(Beginning of Exercise data)
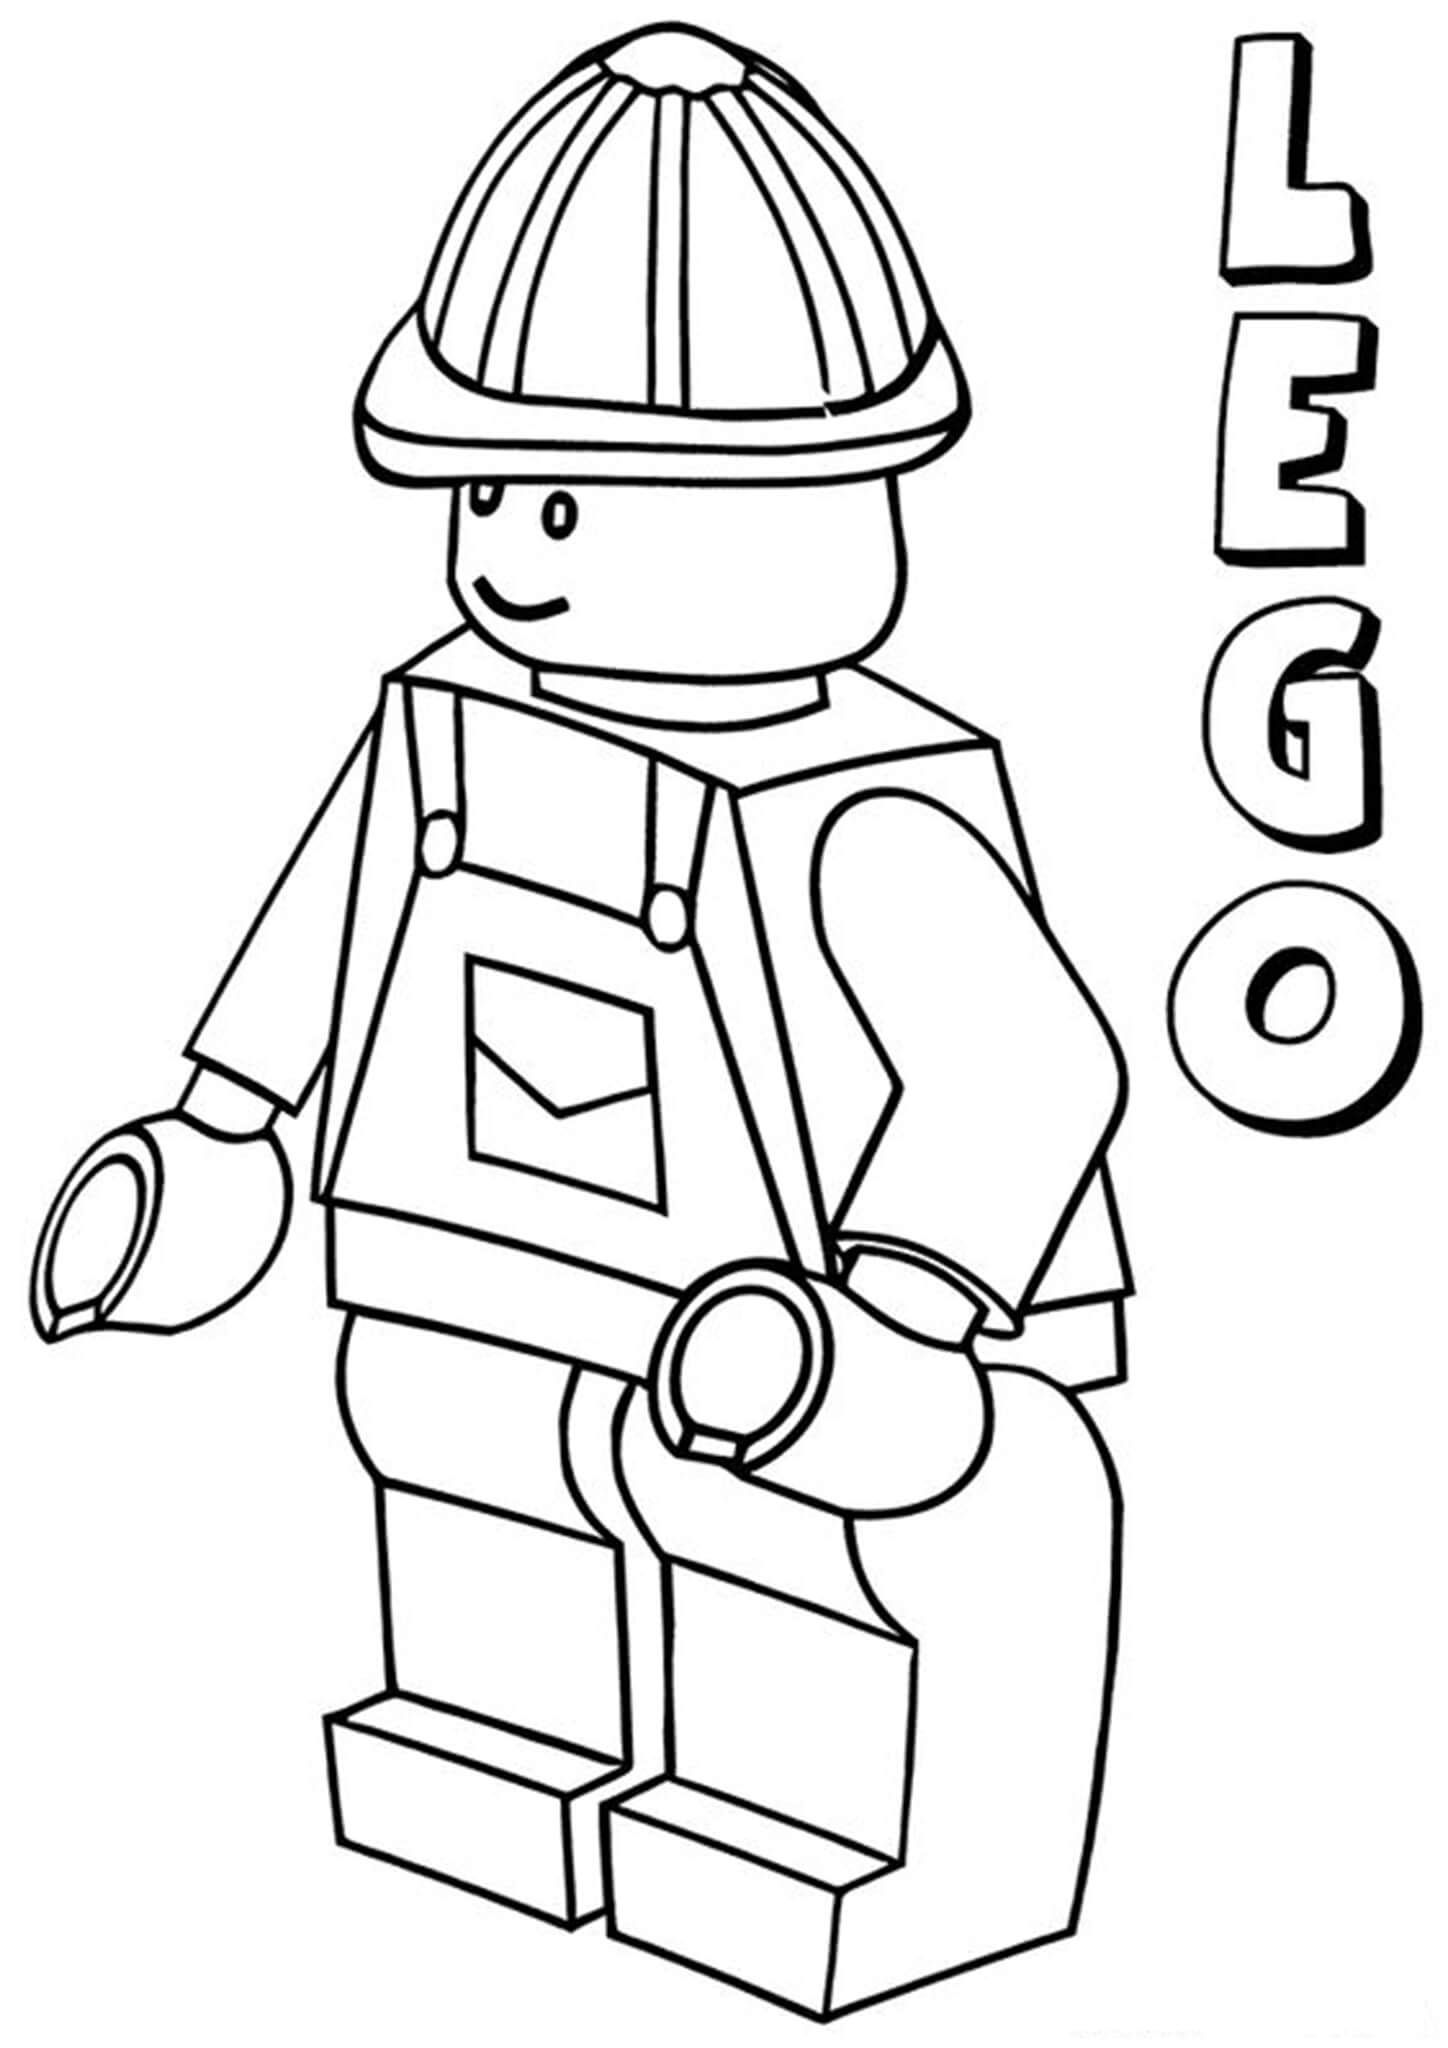 Free easy to print lego coloring pages lego coloring lego coloring pages lego printables
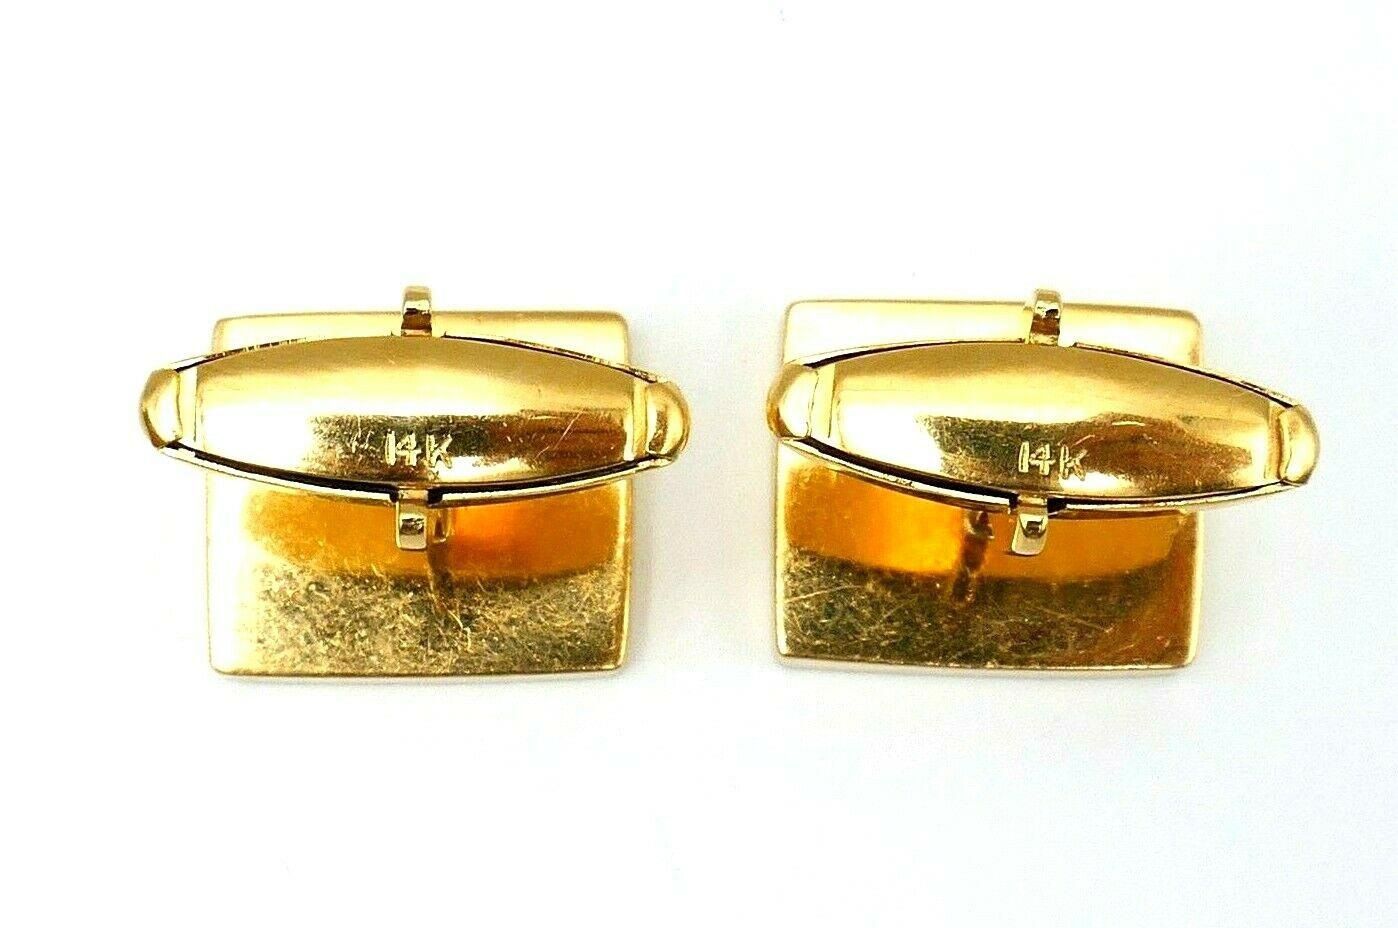 Vintage rectangular unisex cufflinks made of 14k yellow gold features polished coral. Stamped with a hallmark for 14k gold.
Measurements: the front part is 11/16
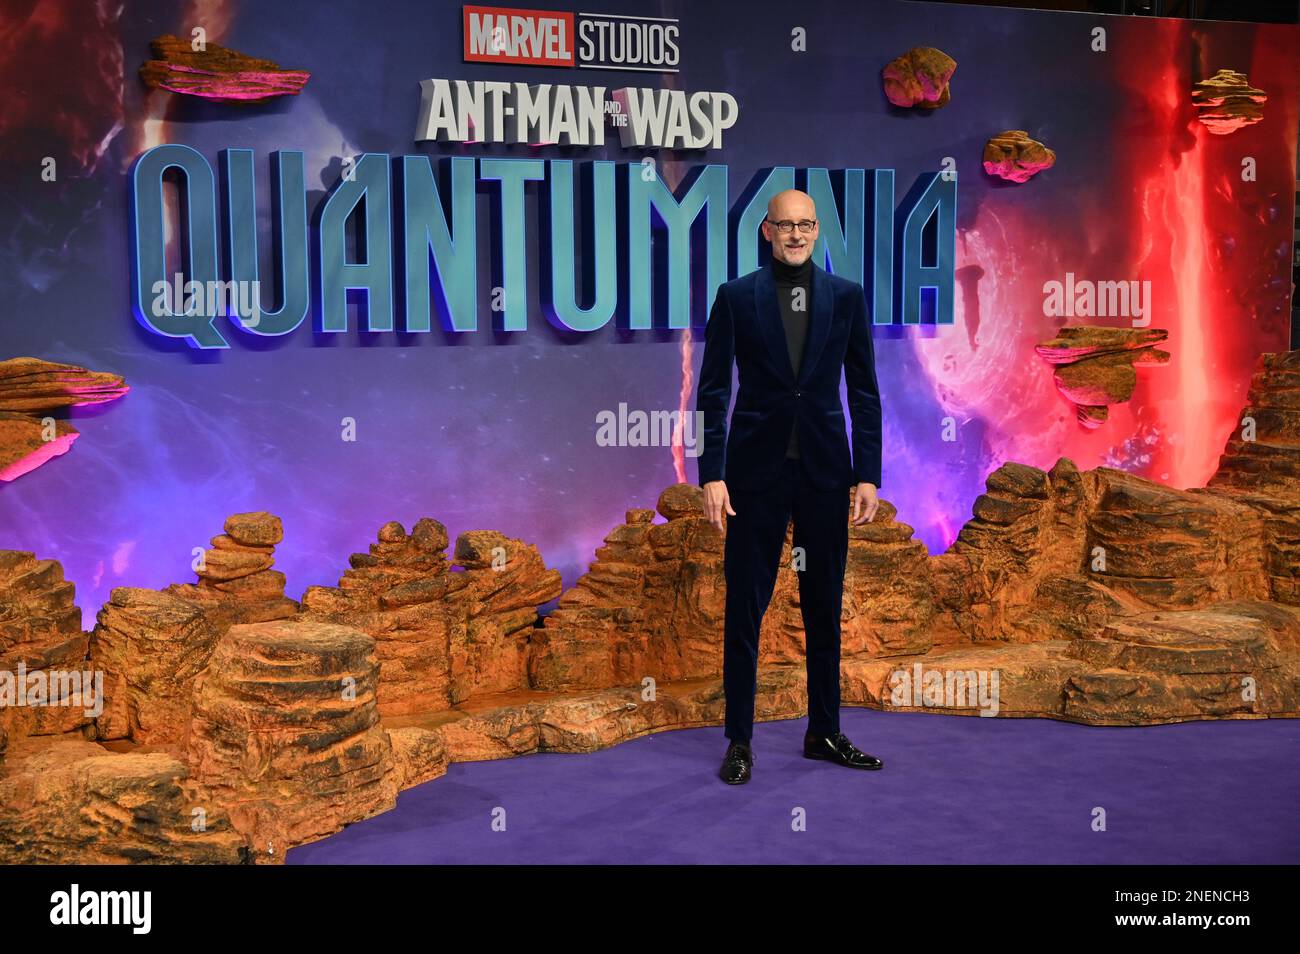 London, UK. 16th February 2023. Peyton Reed attends UK Gala Screening of Ant-Man and The Wasp: Quantumania, at BFI IMAX, Waterloo, London, UK. Photo date: 16th February 2023. Stock Photo
(End of Exercise data)
* **Work item**
Your output should be the lines from the line containing "Measurements: the front part is 11/16" through the last line of the listing above, restated exactly, with no pictures among them.

* **Written answer**
Measurements: the front part is 11/16
 London, UK. 16th February 2023. Peyton Reed attends UK Gala Screening of Ant-Man and The Wasp: Quantumania, at BFI IMAX, Waterloo, London, UK. Photo date: 16th February 2023. Stock Photo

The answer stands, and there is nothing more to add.